BEGIN The data

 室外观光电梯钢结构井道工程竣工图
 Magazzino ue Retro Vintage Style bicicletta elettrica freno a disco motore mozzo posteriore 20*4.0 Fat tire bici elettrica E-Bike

END The data
BEGIN The data

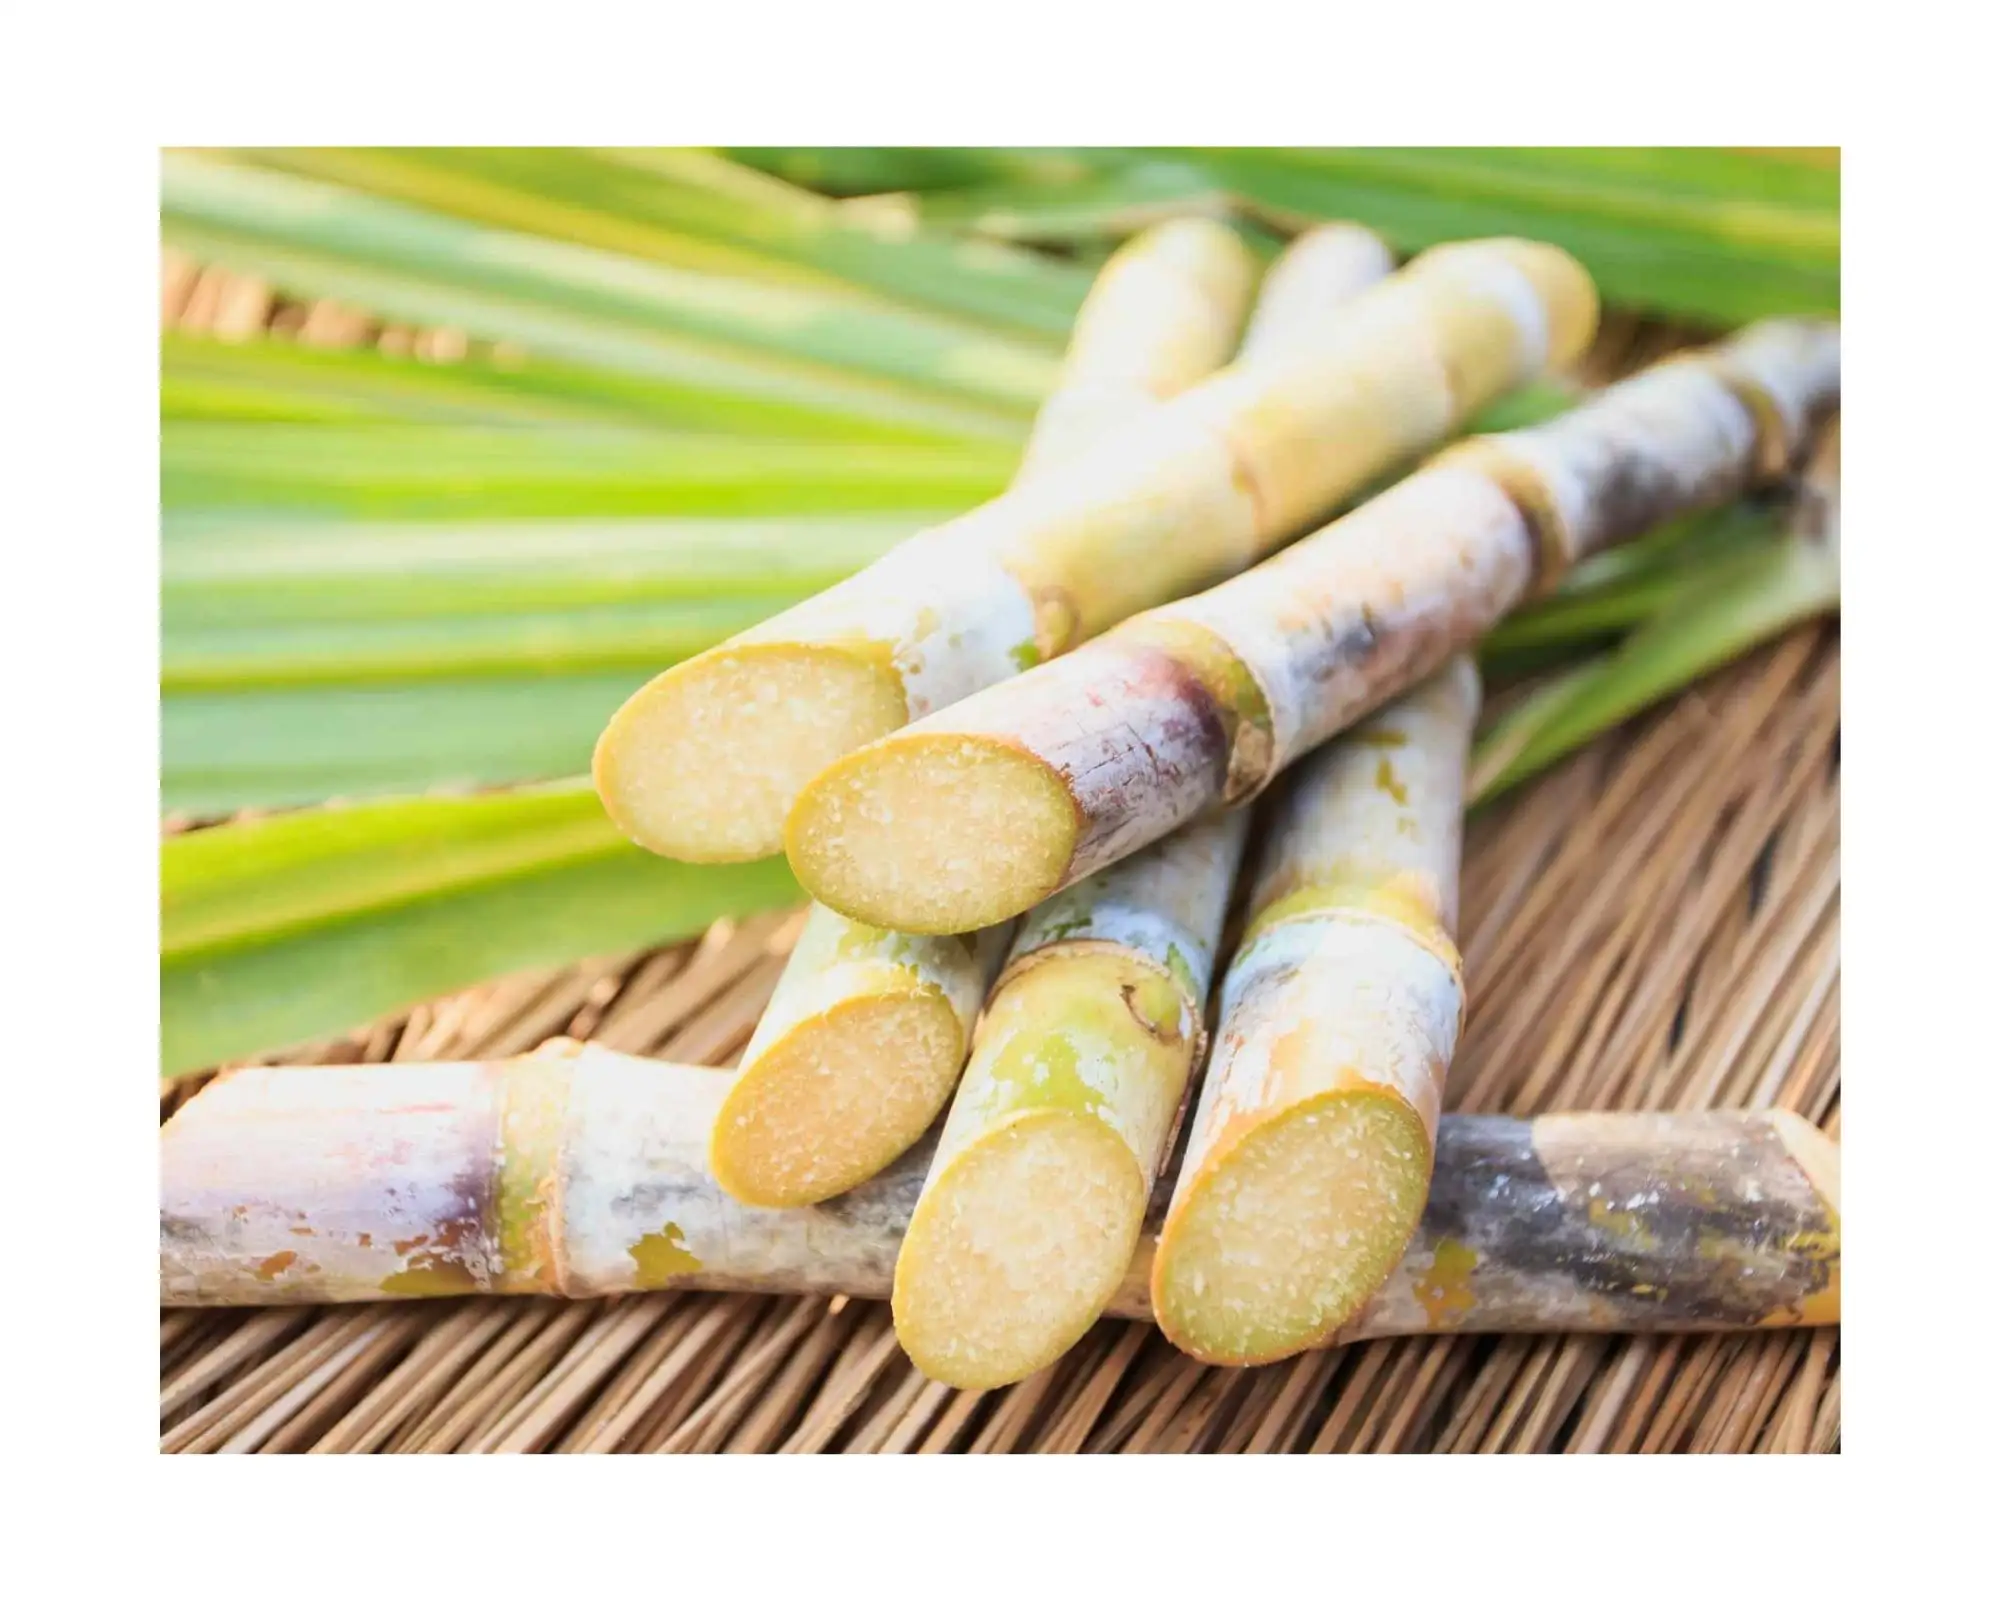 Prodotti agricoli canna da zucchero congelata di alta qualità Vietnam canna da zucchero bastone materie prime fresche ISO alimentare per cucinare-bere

END The data
BEGIN The data

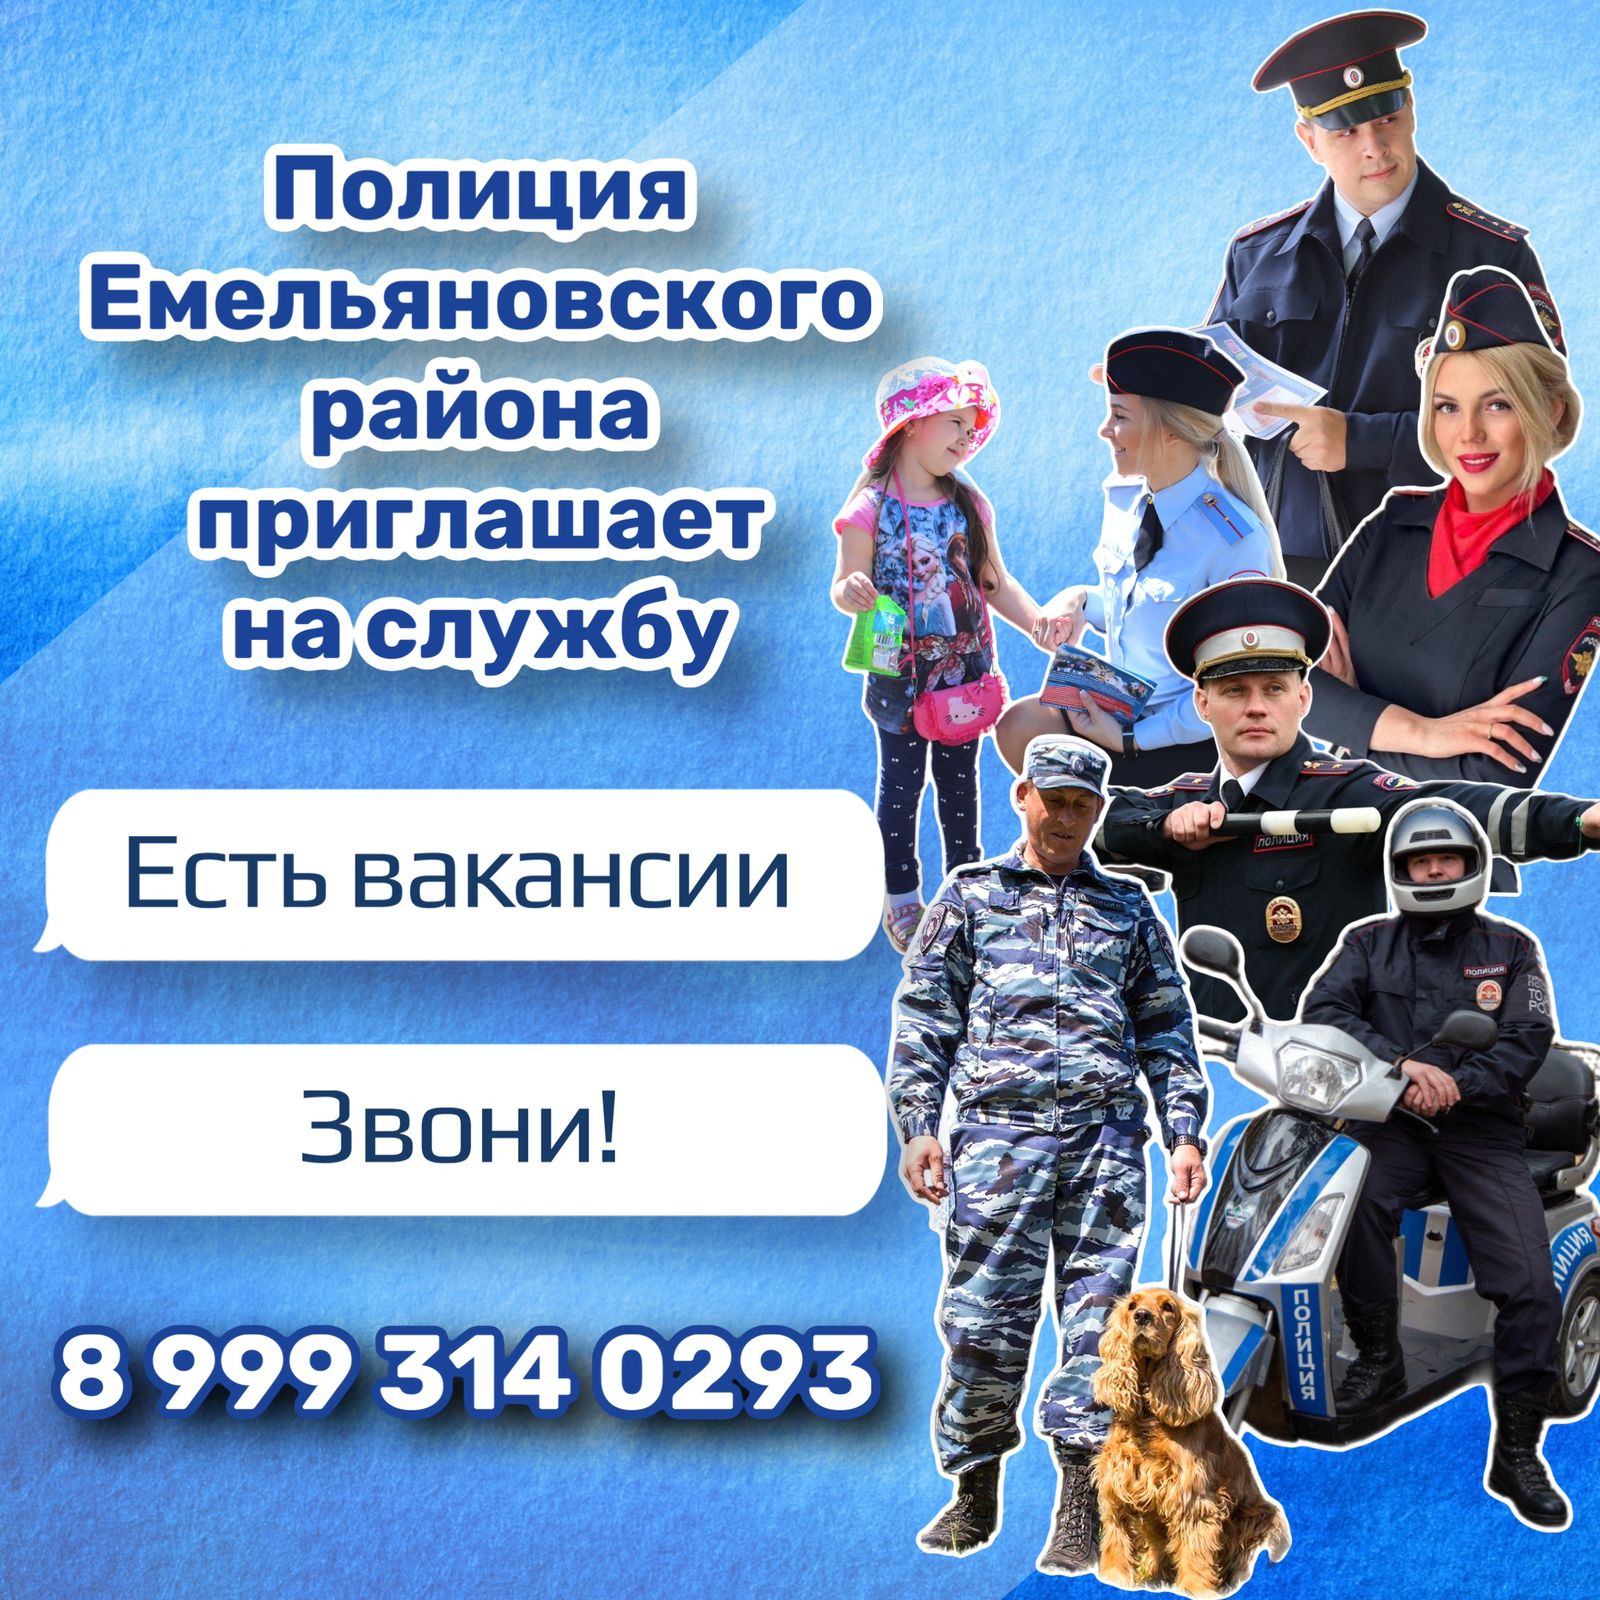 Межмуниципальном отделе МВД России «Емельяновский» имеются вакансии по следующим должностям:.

END The data

» **Exercise prompt**: Of the lines above, extract only those from the line with "室外观光电梯钢结构井道工程竣工图" to the line with "Magazzino ue Retro", both included, exactly as written.

» **Task response**:
 室外观光电梯钢结构井道工程竣工图
 Magazzino ue Retro Vintage Style bicicletta elettrica freno a disco motore mozzo posteriore 20*4.0 Fat tire bici elettrica E-Bike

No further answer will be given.